First, we identify the overall function we need to integrate: \( \frac{\operatorname{csch}(1 / x) \operatorname{coth}(1 / x)}{x^{2}} \). Notice that this can be rewritten as \( \frac{1}{x^{2}} \cdot \operatorname{csch}(1 / x) \cdot \operatorname{coth}(1 / x) \).

This step is key to solve the integral. We recall that the derivative of \(-\log(\cosh(x))\) yields \(-\operatorname{csch}(x) \cdot \operatorname{coth}(x)\). Therefore, our integral bears a resemblance to the derivative of \(-\log(\cosh(x))\). However, our integrand involves \(1/x\) where \(x\) is in the argument of the csch and coth functions, so let's substitute \(1/x\) by \(u\), that is \(u=1/x\). The derivative of this substitution is \(-1/x^{2} dx = du\). Which is exactly the remaining part we wanted to get rid of in our integrand.

Now, we rewrite the original integral using our substitution. So, original integral \( \int \frac{\operatorname{csch}(1 / x) \operatorname{coth}(1 / x)}{x^{2}} dx \) becomes \( - \int \operatorname{csch}(u) \operatorname{coth}(u) du \), which as we mentioned in Step 2, is exactly the derivative of \(-\log(\cosh(u))\).

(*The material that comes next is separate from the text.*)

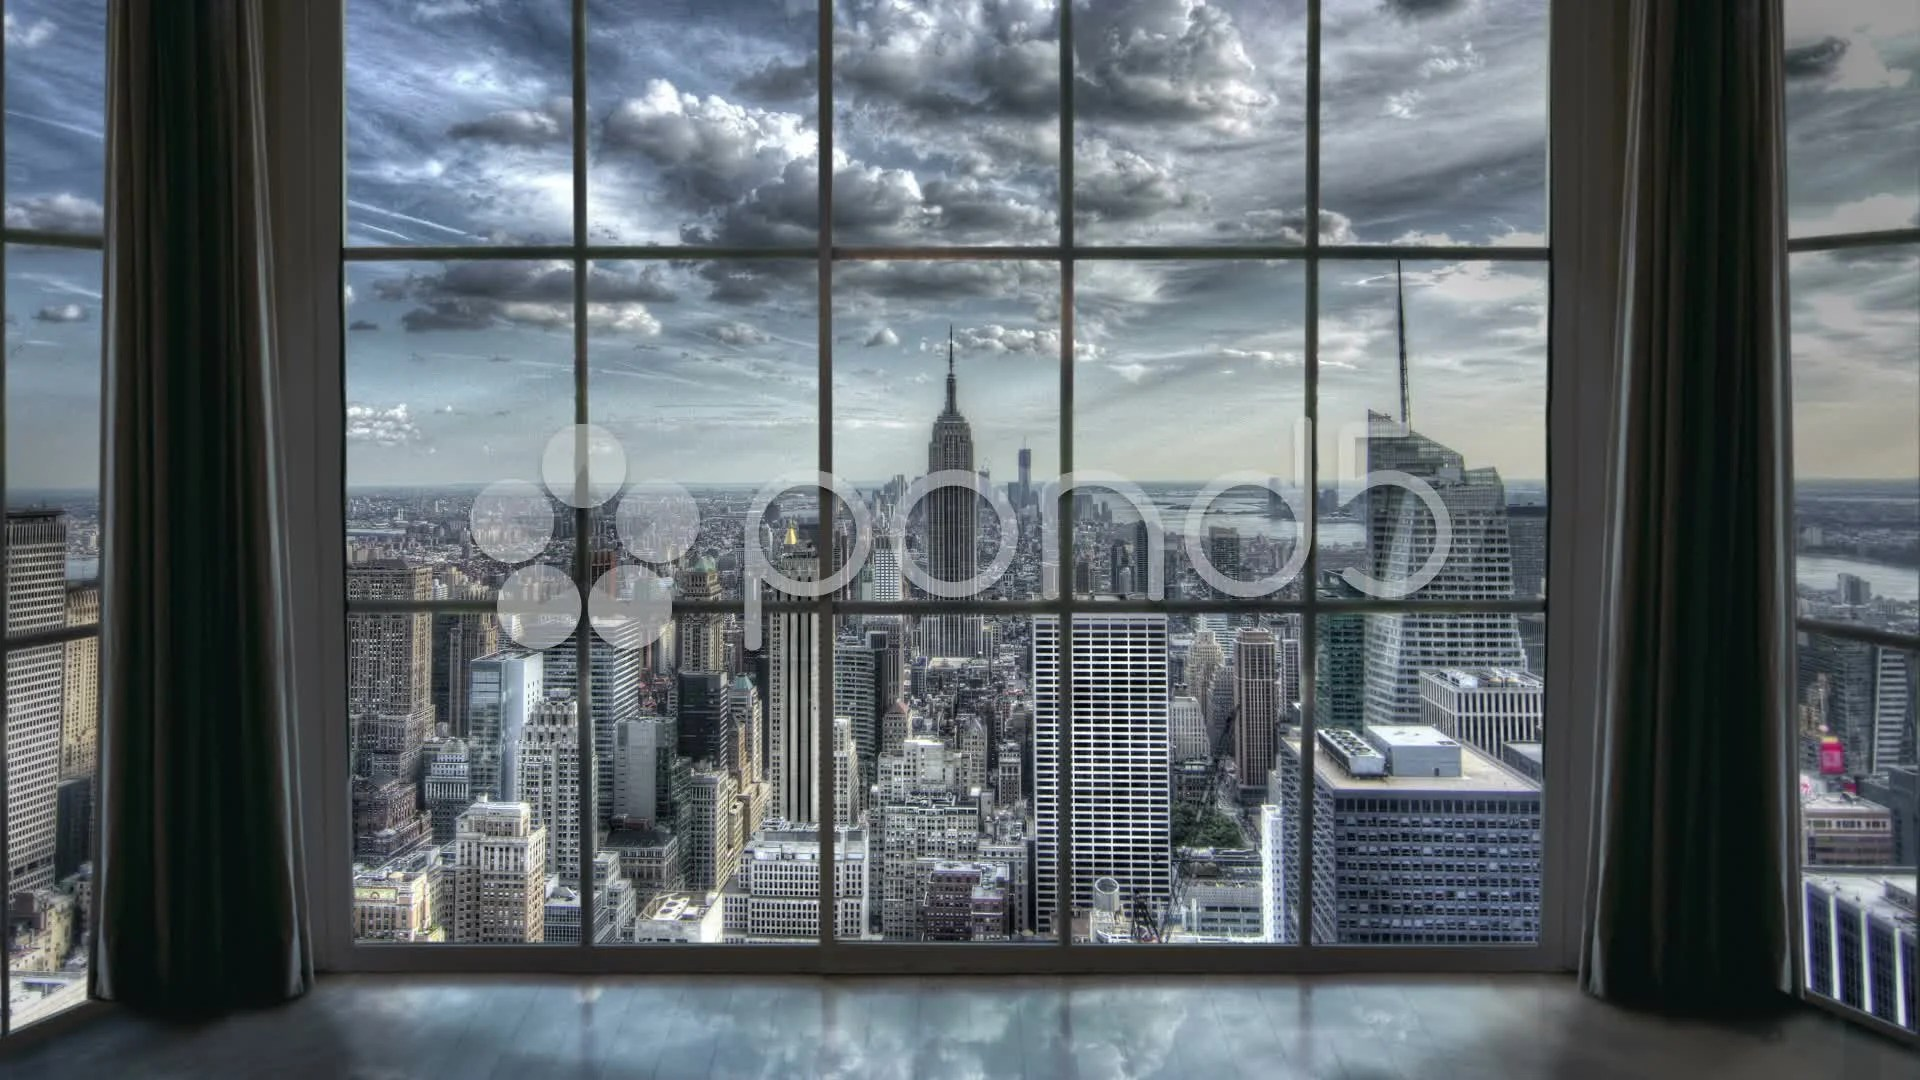 New York City View from Manhattan Apartment Window Empire
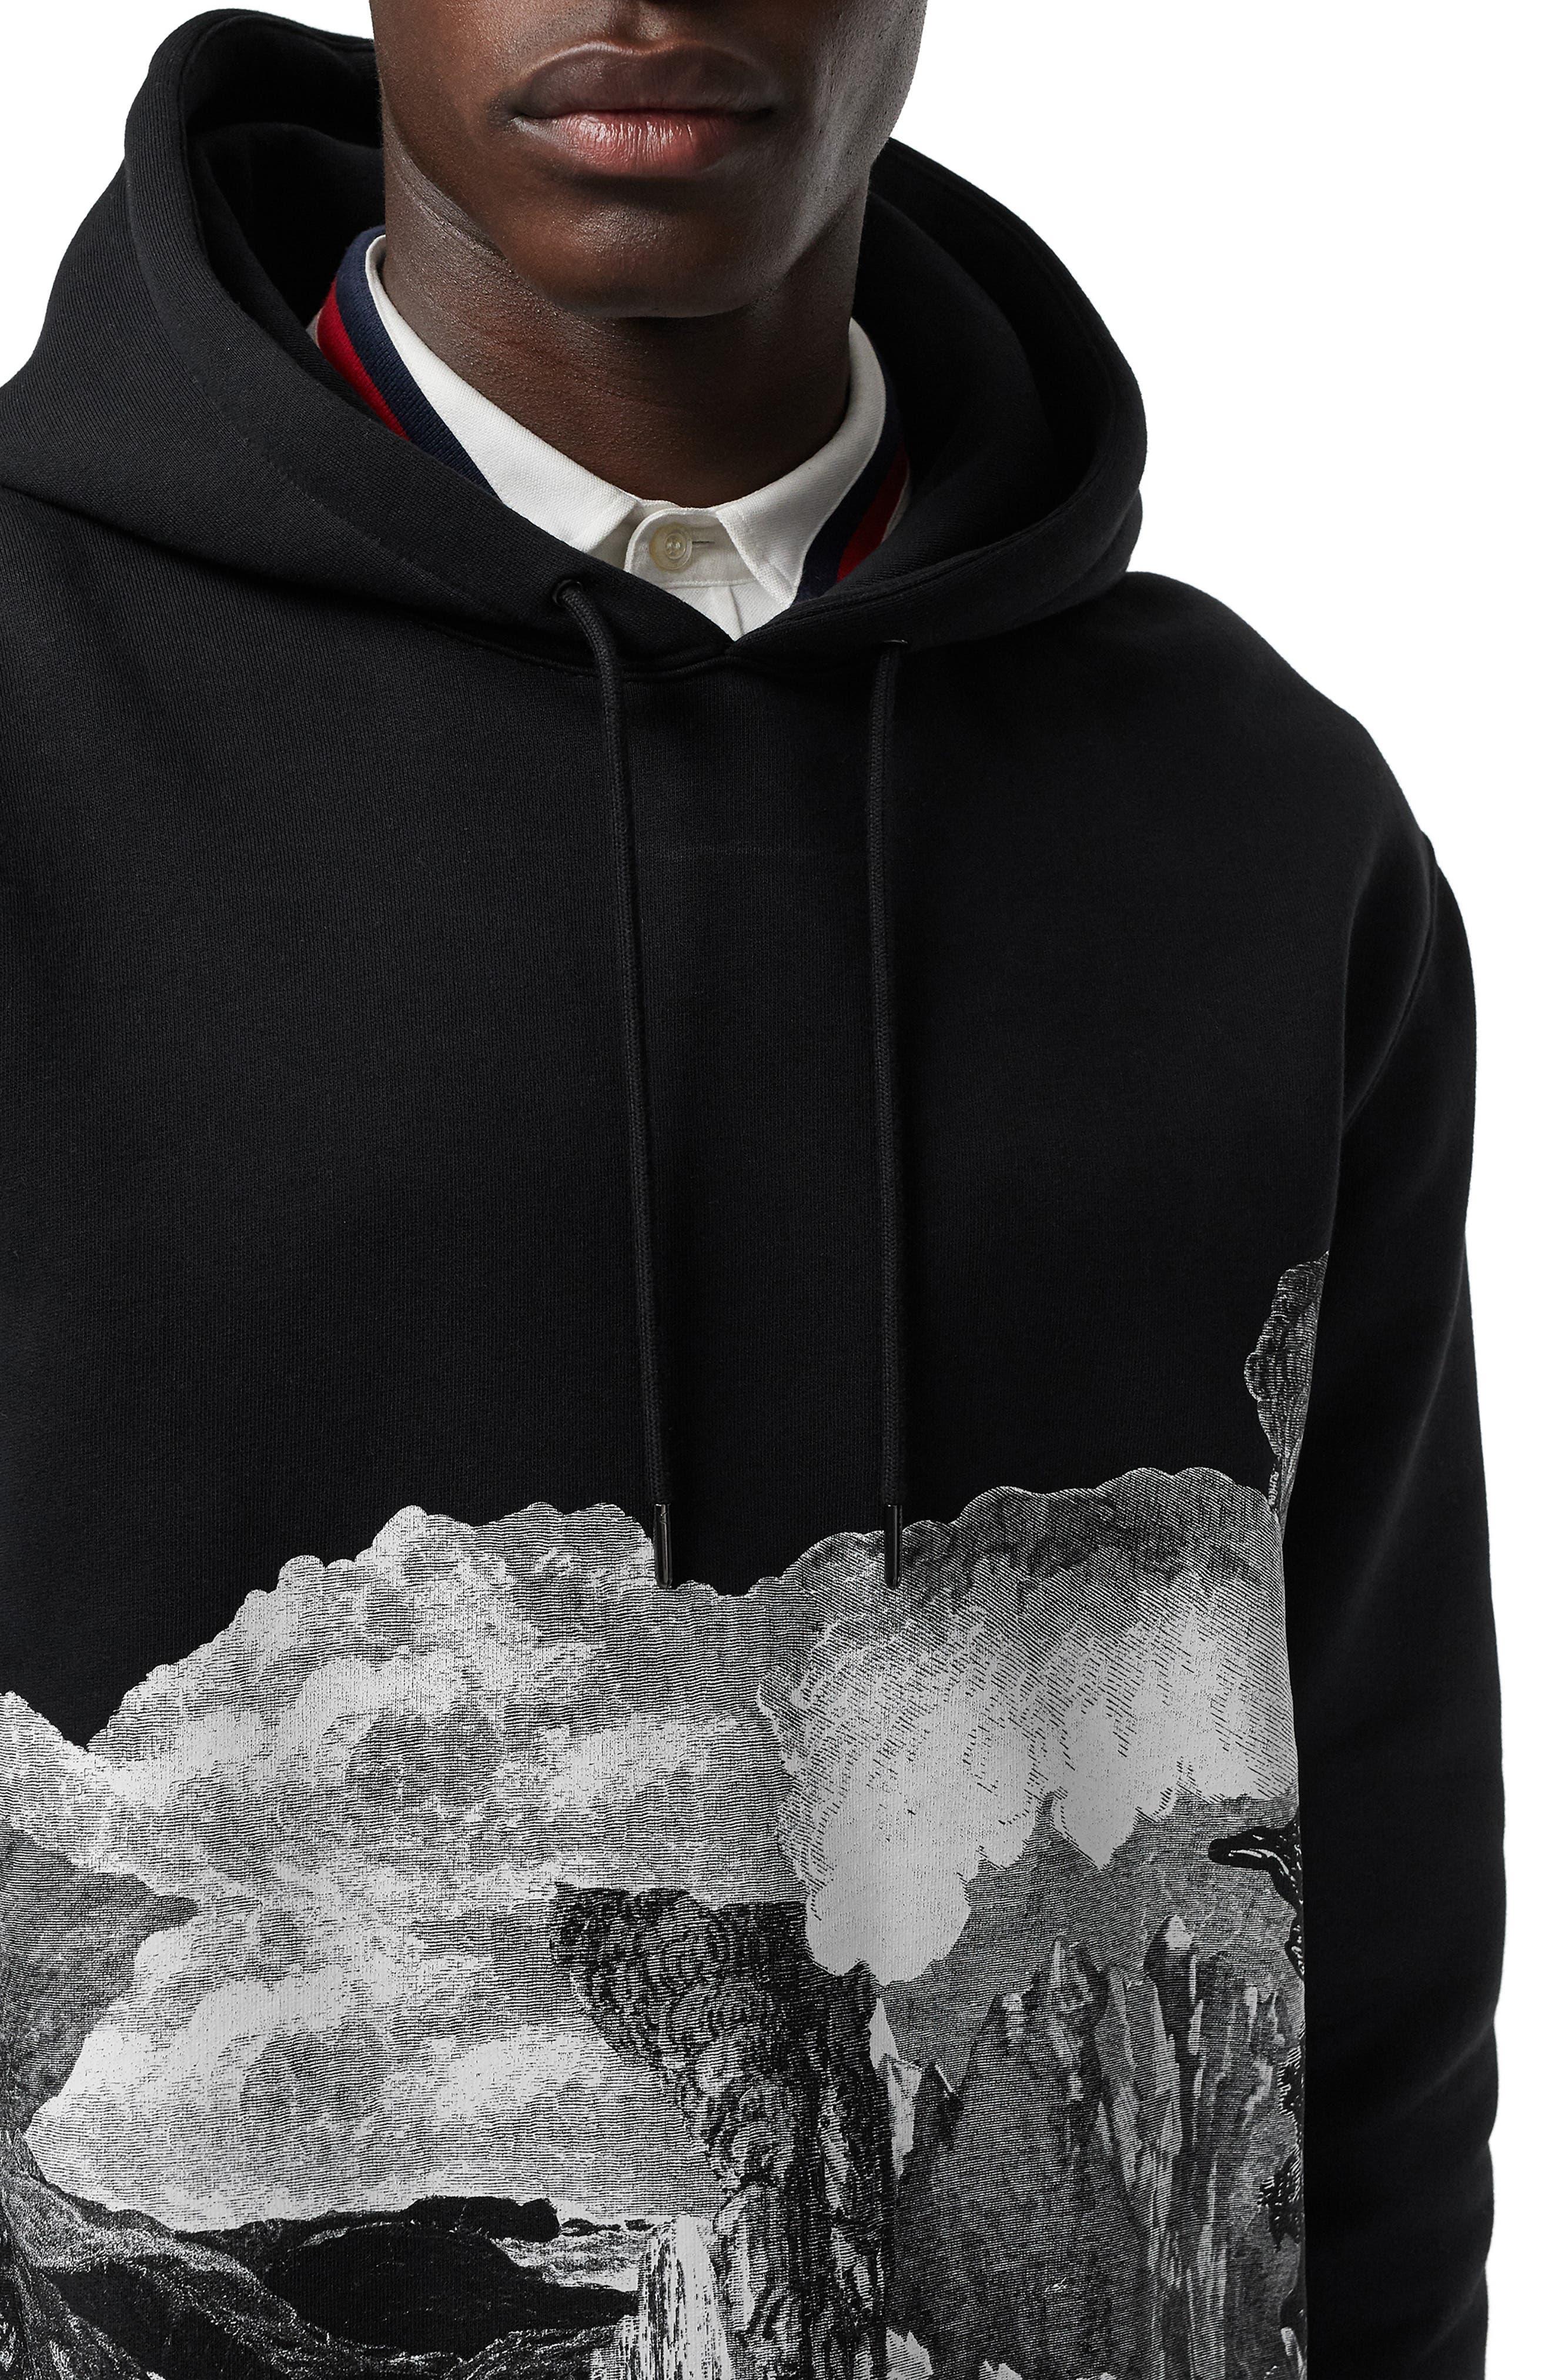 BURBERRY, Dreamscape Print Hooded Sweatshirt, Alternate thumbnail 3, color, BLACK

Remembering that the indefinite integral is the antiderivative, and noticing that we have the derivative of \(-\log(\cosh(u))\), we can see that the integral of this function is merely \(-\log(\cosh(u))\).

Replacing \(u\) with \(1/x\) gives us the final answer to the integral, \(-\log(\cosh(1/x))\).

We must not forget to add the constant of integration C, considering we are finding an indefinite integral, that would give us the final solution \(-\log(\cosh(1/x)) + C \).